Today I drove past an expanse of sea due to the grace of God as I did yesterday and God willing tomorrow.

I can define what it means to use the simple present in English--it defines and consecrates our habits, our comfortable routines, our believes--which to others are just opinions; it announces our immediate experience of the senses.

What I can't say is what it means to me to live in the simple present.

Like Latin, I can tell you how I feel and believe, love and know, think and hear at this moment--perhaps it is similar to the past, but it might not actually be --at this moment.

Like Hindi, what I tell you I believe right now is only the rock rolled in front of the tomb. It would take something greater than myself to roll the rock away. Hebrew, like Arabic, what is in this moment I feel to be my truth, could just as wel be untrue, because even as I speak it, that truth is running.


In the holy places I have been to--that is to say, in the Hindu temples, the Islamic Mosques, the synagogues, the revivals in circus tents, in the rooms where I go and listen to the experiences, the strengths and hopes of people who have been allows been able to feel more than many can bear, so they try to live in the moment because they, like me, have always lived in their --ings, in continual movement away from their "truths".--

I go to learn in Buddhist temples during Catholic masses to try to understand how to live in not only the simple present, but know the Simplest Presence. We don't say in all these rooms--the domed, the steepled, the smoke filled basements when weon our knees, our become procumbent, our sometimes sitting cross legged in a folding chair chugging coffee that we believe--we say whether we admit it or not that we WANT to believe--and many of us settle this. . .this willingness to believe.

I go to these rooms in Seoul, in Jeddah, in Kathmandu, in Bangkok,in Baker, Louisiana, in St. Louis' cathedral in the Vieux Carre,in Notre dame in ashrams, in AA meetings, NA meetings only to ask that maybe one day I will get It.

I have gone there looking for miracles and have often found them without knowing it until years later.

I have gone when I needed a new employer, a new sex life, to dry tears, to eat free finger sandwiches, to keep my doomed cat from suffering throughout another night, to ask that my mother experience a moment of pure joy before she dies; I have gone to become less and less me and to become more assured of some Presence.

I have gone to learn tolerance, patience and how to not only give but how to receive without asking a hundred befuddling questions beginning with why do good things always happen to you, why bad things to me?.

I go to find out what it is like to be a reasonable man.
Now is not the time to think that somehow I willed all of this to happen.

In the past, yes, every success was an assurance that my human will can be triumphant.
I have a lot of things to be grateful for. I want to remember them on a daily basis.

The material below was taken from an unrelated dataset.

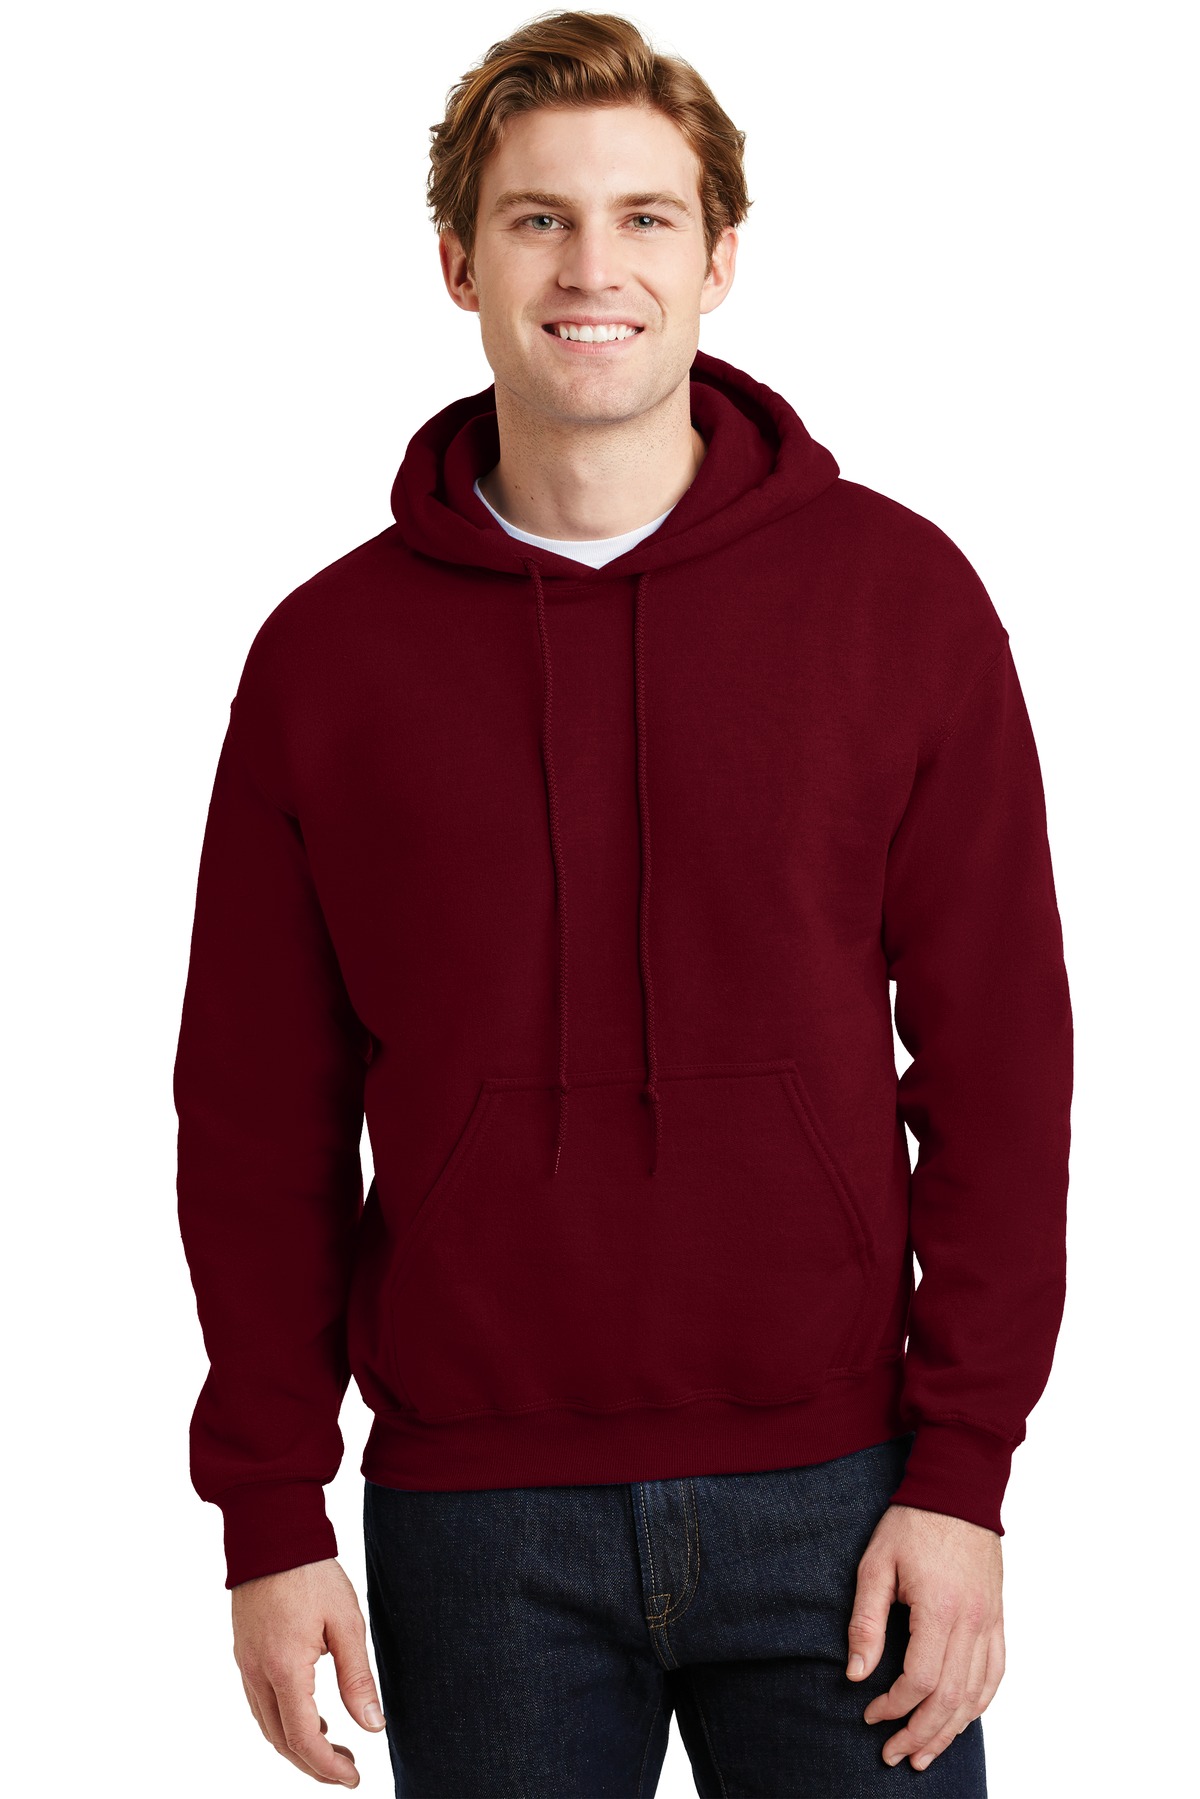 https://images.shirtspace.com/fullsize/FRK6PTqlybuGuPhX46aC9w%3D%3D/59002/1221-gildan-g185-heavy-blend-hooded-sweatshirt-front-garnet.jpg

Today, after I drove past an expanse of sea,, I went to a mall and I encountered a Nepali guard whom I've met before and talked to before, who, when he sees me, exchanges a "Namaste" , using the appropriate hand gestures. He is a slight man, unassuming, tough steely eyed, and extremely mindful of all that happens around him. Still, when he sees me coming, he recognizes a Divine Presence in me--the same presence in all of us, as I seein him.

So we clasp our hands together, bow our heads slightly and whisper, "Namaste."